Несолидно водить за нос читателя, поэтому ответим прямо: да, всё, что случилось с Порфирием Дормидонтовичем Бартеневым - доподлинной правдой было. Тех же, кто усомнится в замыслах бесовских, - отошлем к трактату преподобного Иоанна Кассиана Римлянина, что прямо пишет: "бес есть существо злобное от падения своего, и нет ему извинения в злых его намерениях, ибо замышляет он их по одной своей злой воле, не искушаемый никем, а потому грех его без прощения, болезнь без врачевания..."

   Если же читателю такой авторитет - не указ, ну, тогда нам и сказать нечего.

   А вот объяснить, как Порфирий Бартенев сподобился такого видения - не можем, тайна сия велика есть. Но если среди монахов-подвижников принято никаких видений не принимать, то возразим оным, что Порфирий Дормидонтович сподоблен был видений не лестных, душу прельщающих, а видел силу нечистую, пакостную. Так что, возможно, и правда, что миновал Бартенев в тот пятничный октябрьский вечер некий вход в мир призрачный просто ненароком, и сам того не заметил...

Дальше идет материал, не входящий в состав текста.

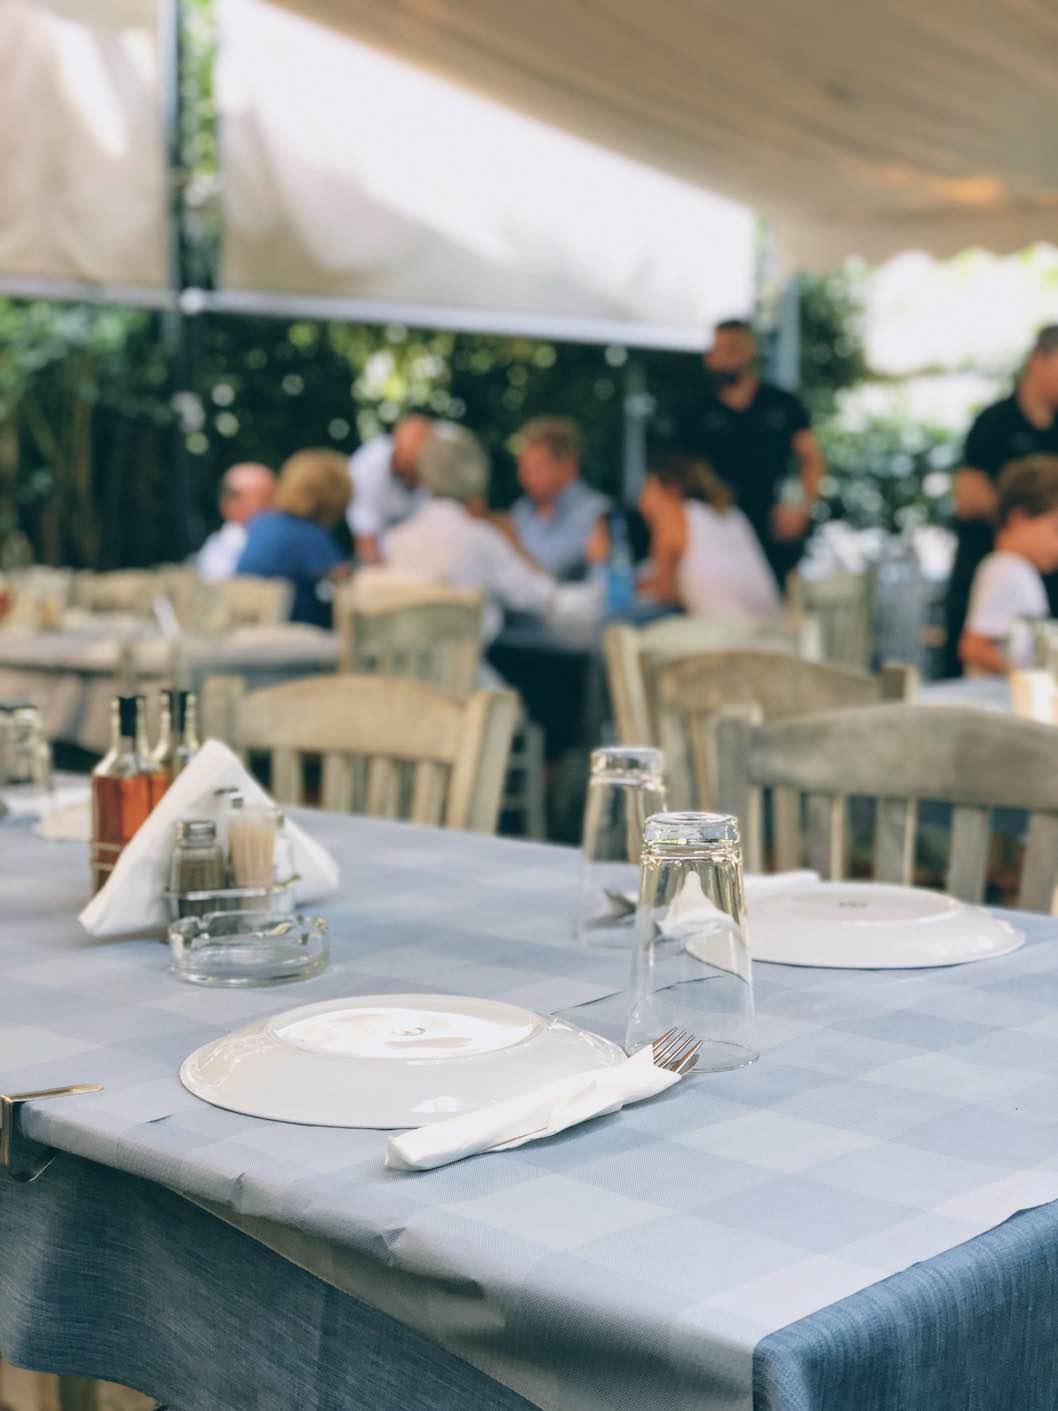 Paramalo, Athens - Travel Food People

   Таким образом, прав был умный Арсений Вениаминович Корвин-Коссаковский: были призраки, были, и наяву они полакомиться сговаривались.

   Часть вторая

   Глава 1. Предчувствия и сны.

   У тех только бывают истинные видения, у кого ум благодатью Святого Духа

   свободен от страстей и у кого жизнь чиста. У остальных же

   сны ложны и беспорядочны, и все в них обман и прелесть явная.

   Симеон Новый Богослов. "Главы богословские и деятельные".

   Лидия Черевина, хорошенькая и шаловливая, беспечная к любым назиданиям, но жадная к живым впечатлениям, обладала той счастливой внешностью, которая пленяет даже умудренные жизнью старческие глаза. Воспитательницы в пансионе покачивали головами: в тринадцать лет ее фигура обрела женственные очертания, в танце она была удивительно грациозна, и уже в пятнадцать ходили толки о её ветрености. Её сестра была не менее красива, ее отличал от Лидии более глубокий взгляд светло-голубых глаз и более утонченное сложение. Издалека же сестер можно было и спутать: одинаково белокурые, одного роста, они имели сходную походку, однако одеваться одинаково не любили.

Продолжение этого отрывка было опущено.